BigBuckBunny.ism file is a server manifest, which is structured in Synchronized Multimedia Integration Language (SMIL) format and contains a mapping of quality levels and bit rates to the .ismv and .isma files. This mapping in the server manifest is used by the server to access the right disk files to create the next fragment of content encoded at the right bit rate, before responding to a client side request.




ism/manifest

Let's see how the iis media service renders the ism file.

When we set a url to a .ism file, it won't work. What we need to do is get the manifest. This is available by appending "/manifest" at the end of the url.
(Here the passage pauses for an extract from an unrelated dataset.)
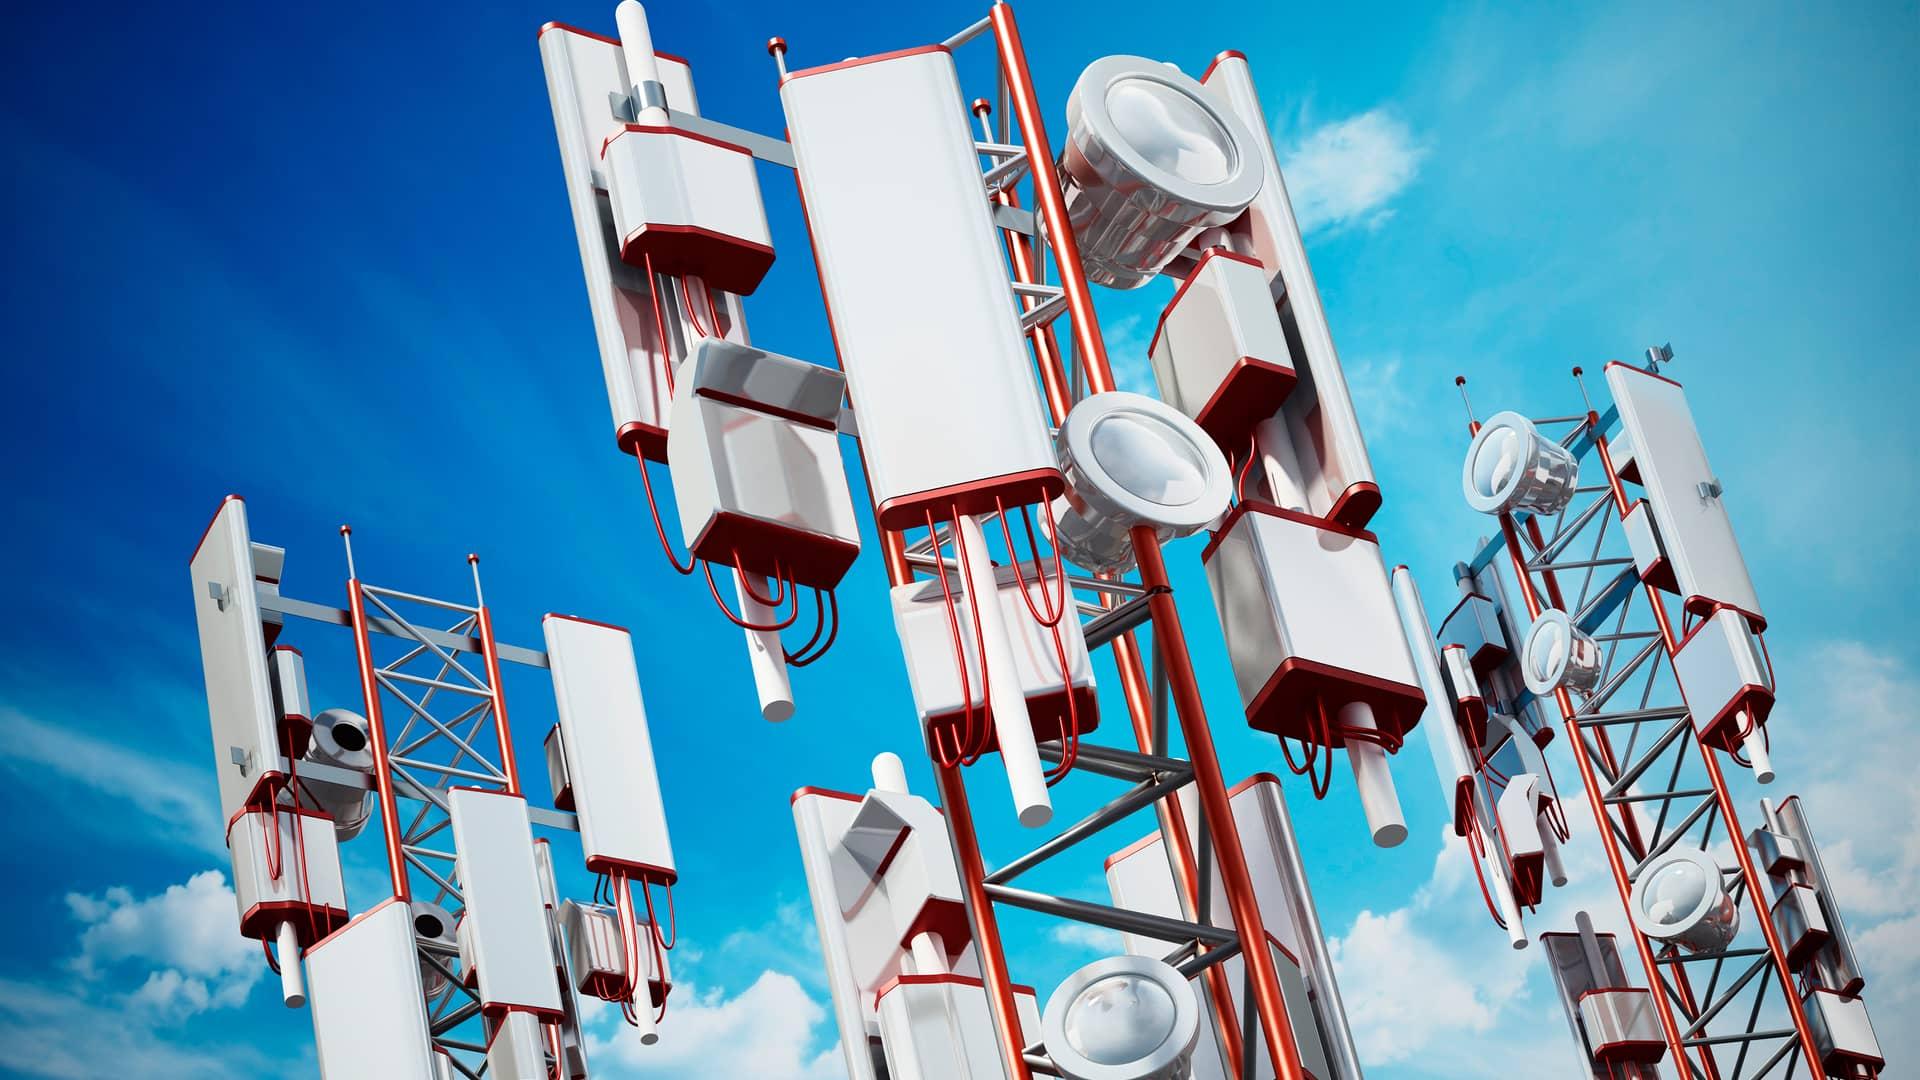 Torres de antena de cobertura 5g de pepephone
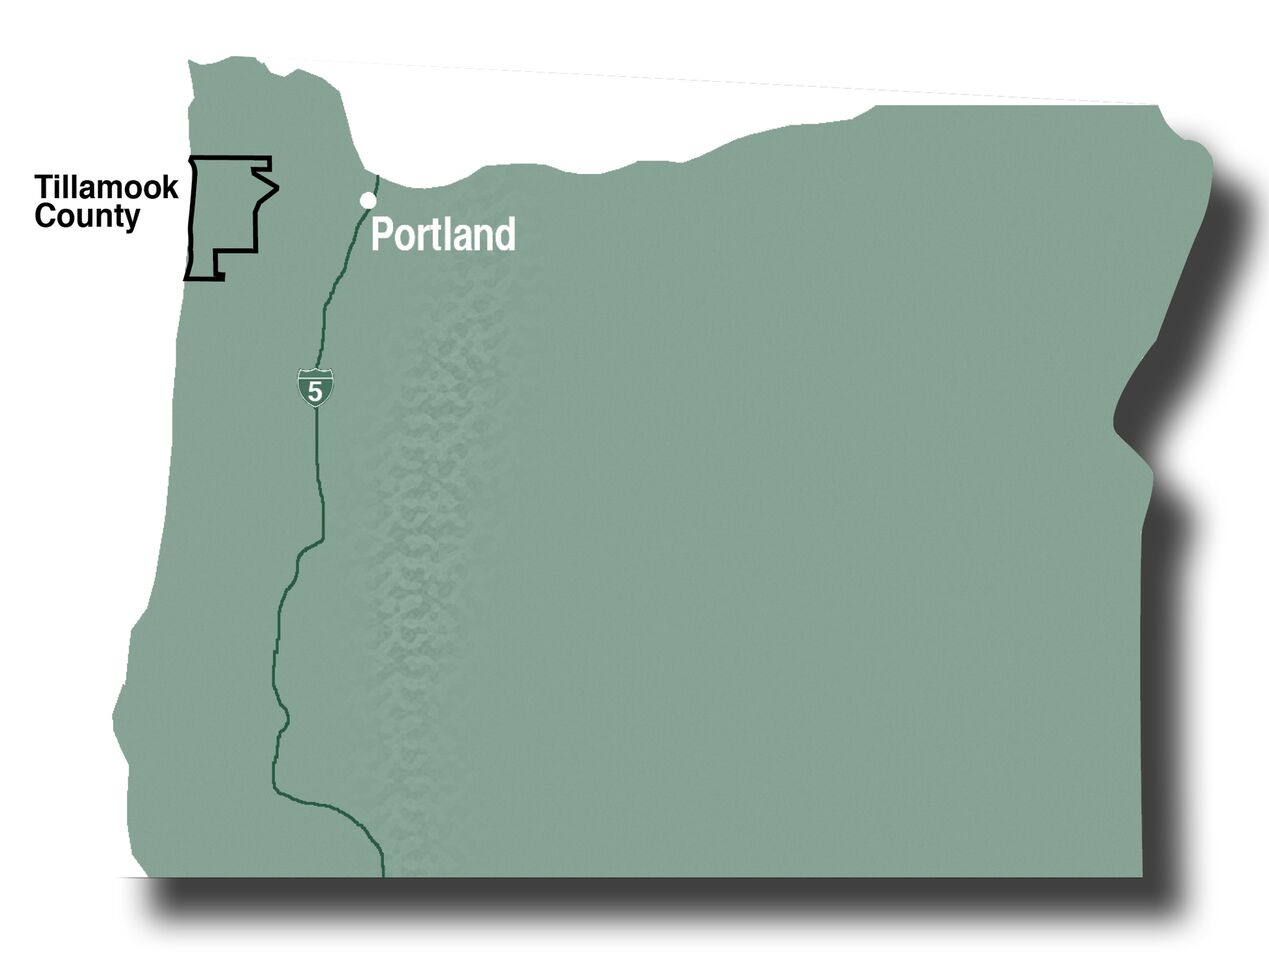 Tillamook County map

This manifest is basically an Xml file containing the different feeds available. There are several different feeds involved. Each feed has its own bitrate. So when the player is playing, it can actually switch between feeds with different bitrates while playing. So the quality of the streamed video actually fluctuates while playing. - (see Playing Smooth Streaming (.ism) videos in Silverlight)

public void Play(string url)
{
    AdaptiveStreamingSource src = new AdaptiveStreamingSource(myMediaElement,new Uri(url + "/manifest"));
    myMediaElement.SetSource(src);
    myMediaElement.Play();
}

As we see in code, we create a new AdaptiveStreamingSource passing in the MediaElement and the Uri to the .ism file. However, we need to add the /manifest at the end of the Uri. Then we use this source to set the source of the MediaElement. After that, the MediaElement will play just as normal.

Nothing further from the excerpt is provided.